As an exercise in exact copying, transcribe the lines below from the one holding "rustic barn wedding" through the last, with both ends included and pictures left out.

— GIVEN MATERIAL —
-------------------------

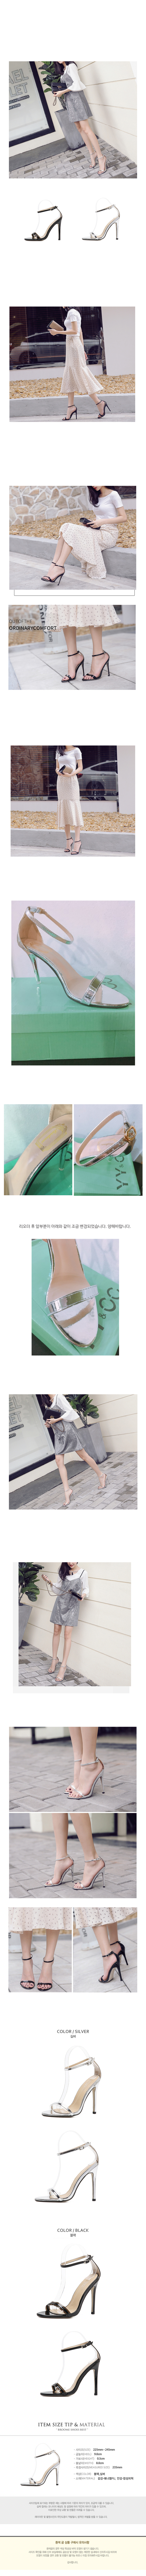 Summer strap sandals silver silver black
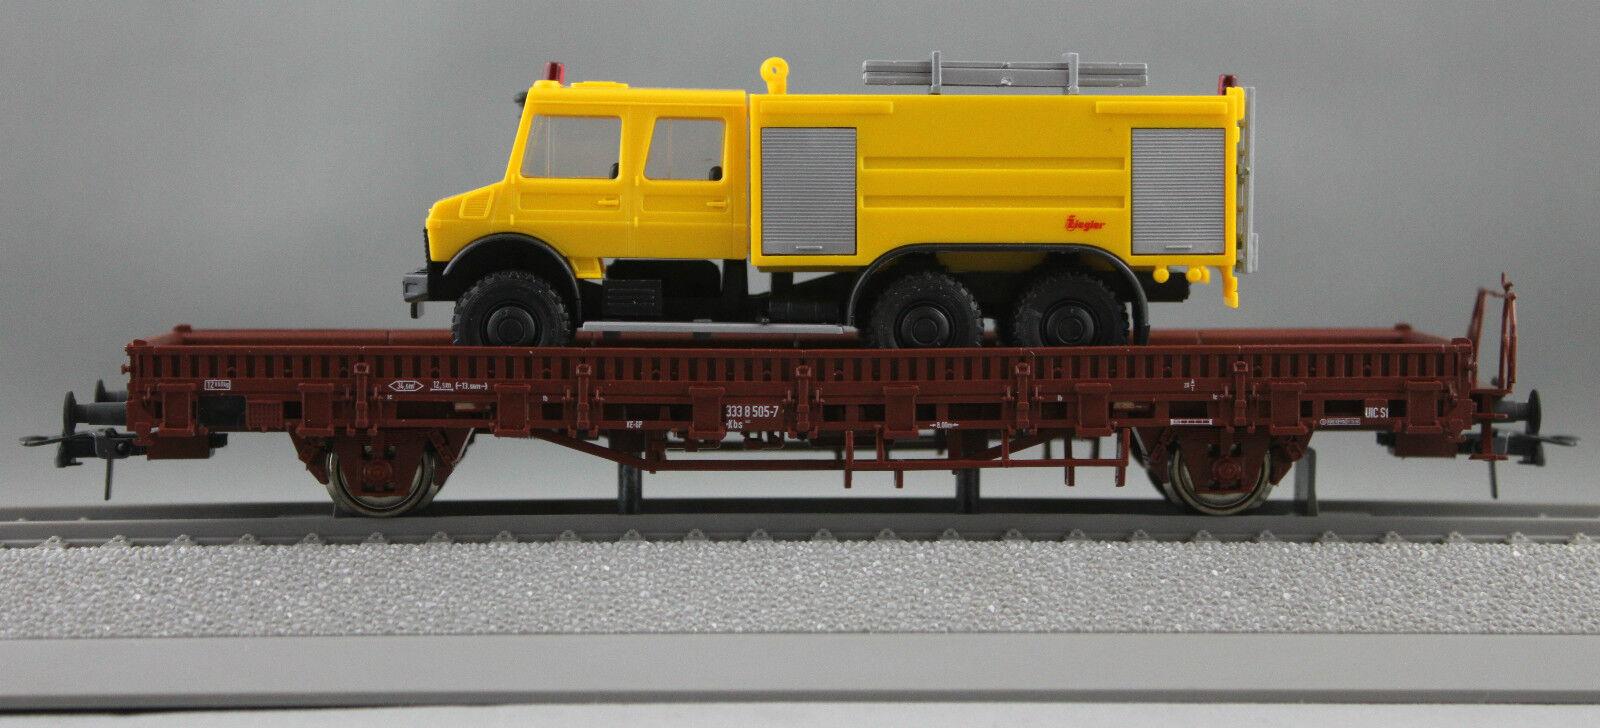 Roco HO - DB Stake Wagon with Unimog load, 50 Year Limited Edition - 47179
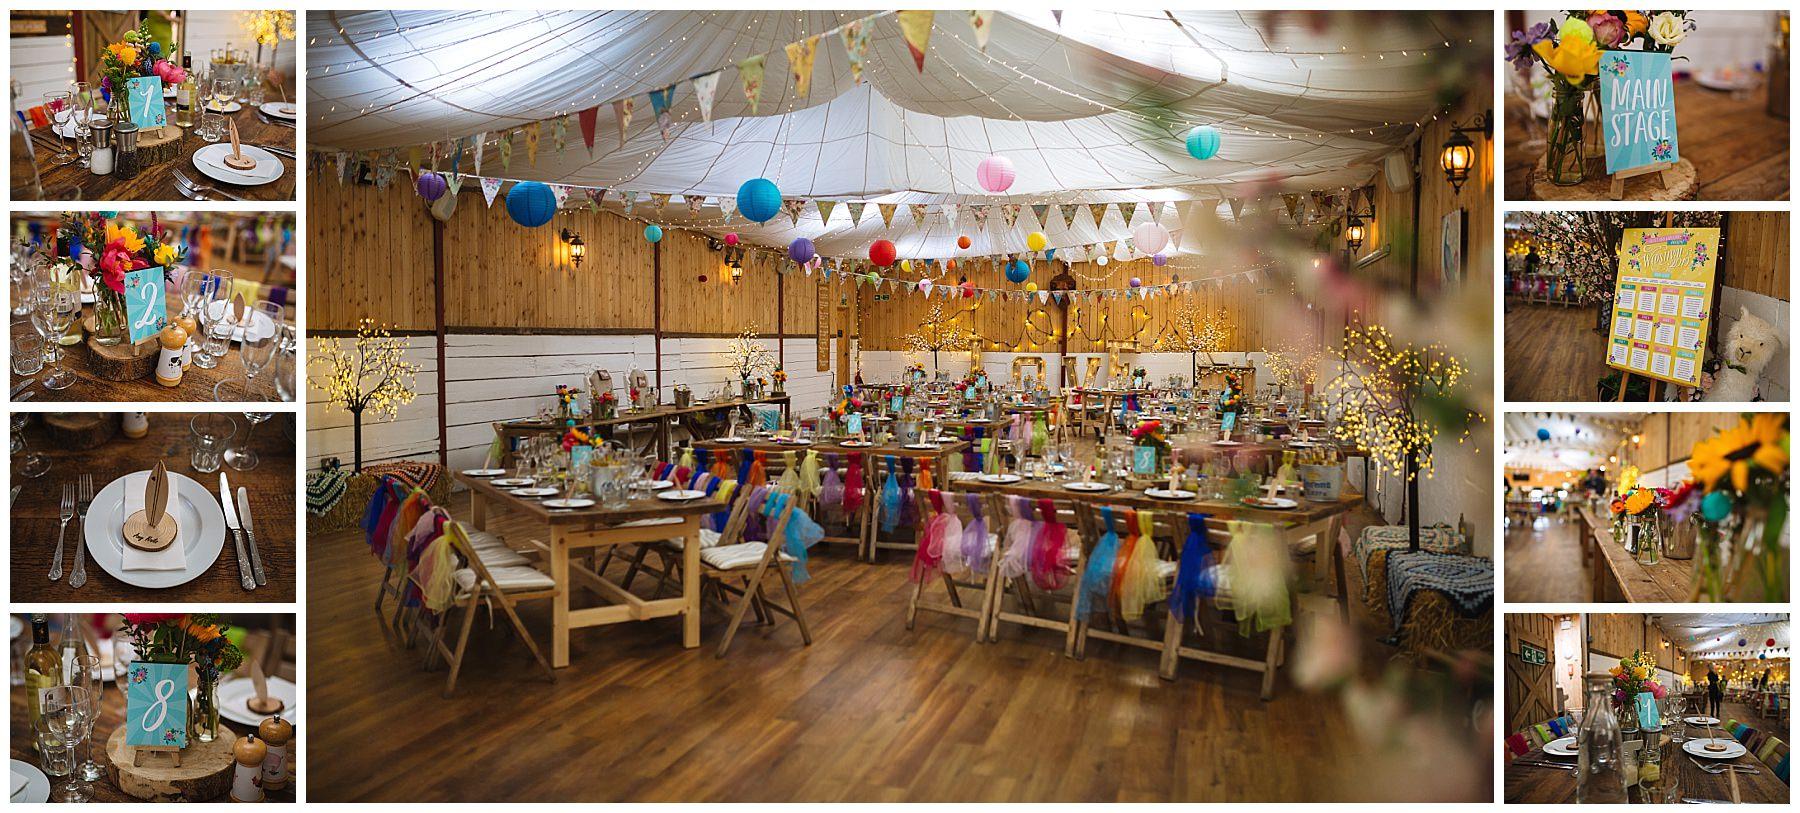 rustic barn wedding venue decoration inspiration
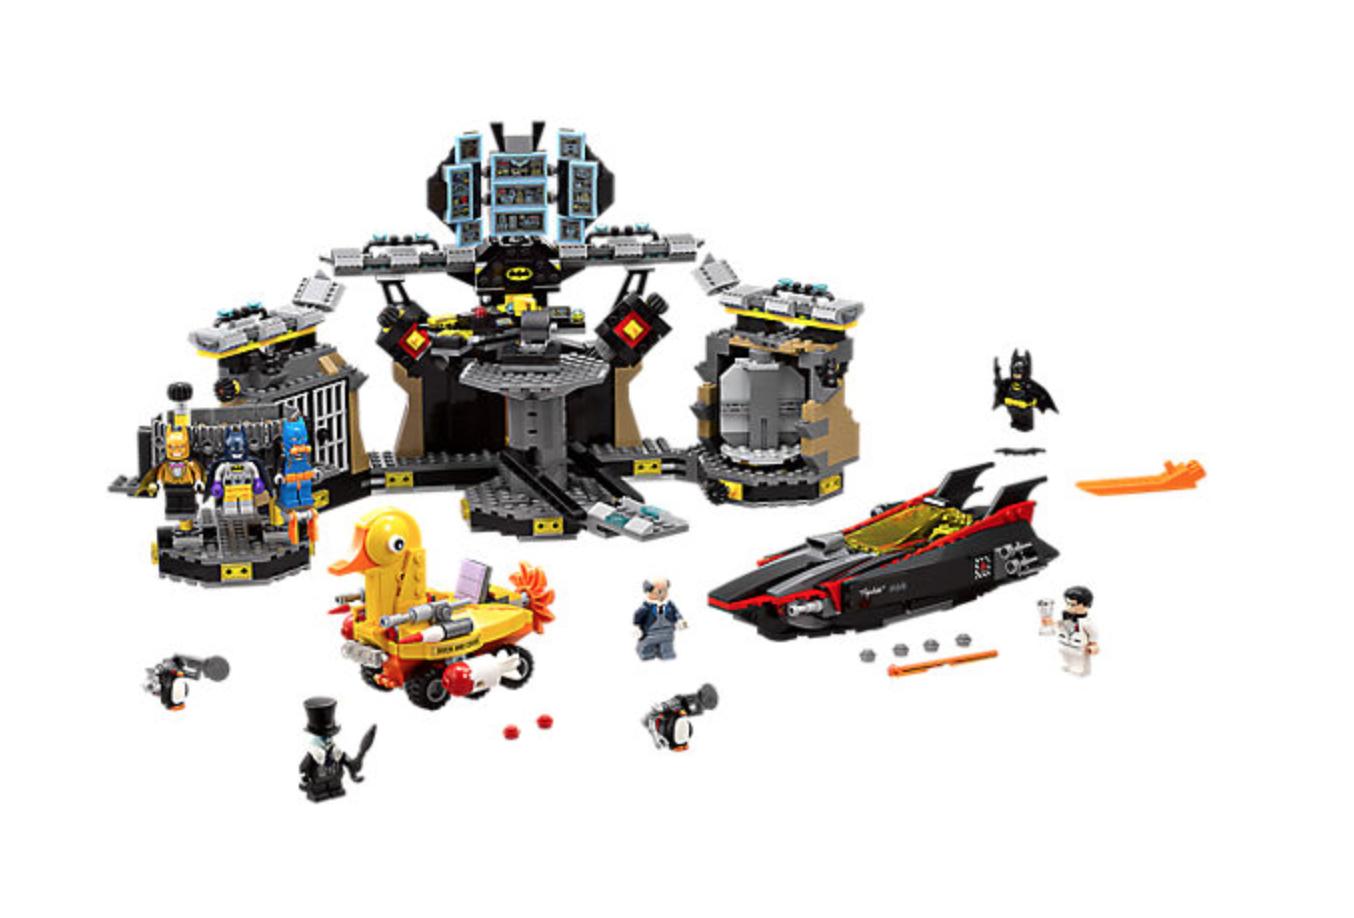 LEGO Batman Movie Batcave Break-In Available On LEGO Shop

-------------------------

— EXERCISE SOLUTION —
 rustic barn wedding venue decoration inspiration
 LEGO Batman Movie Batcave Break-In Available On LEGO Shop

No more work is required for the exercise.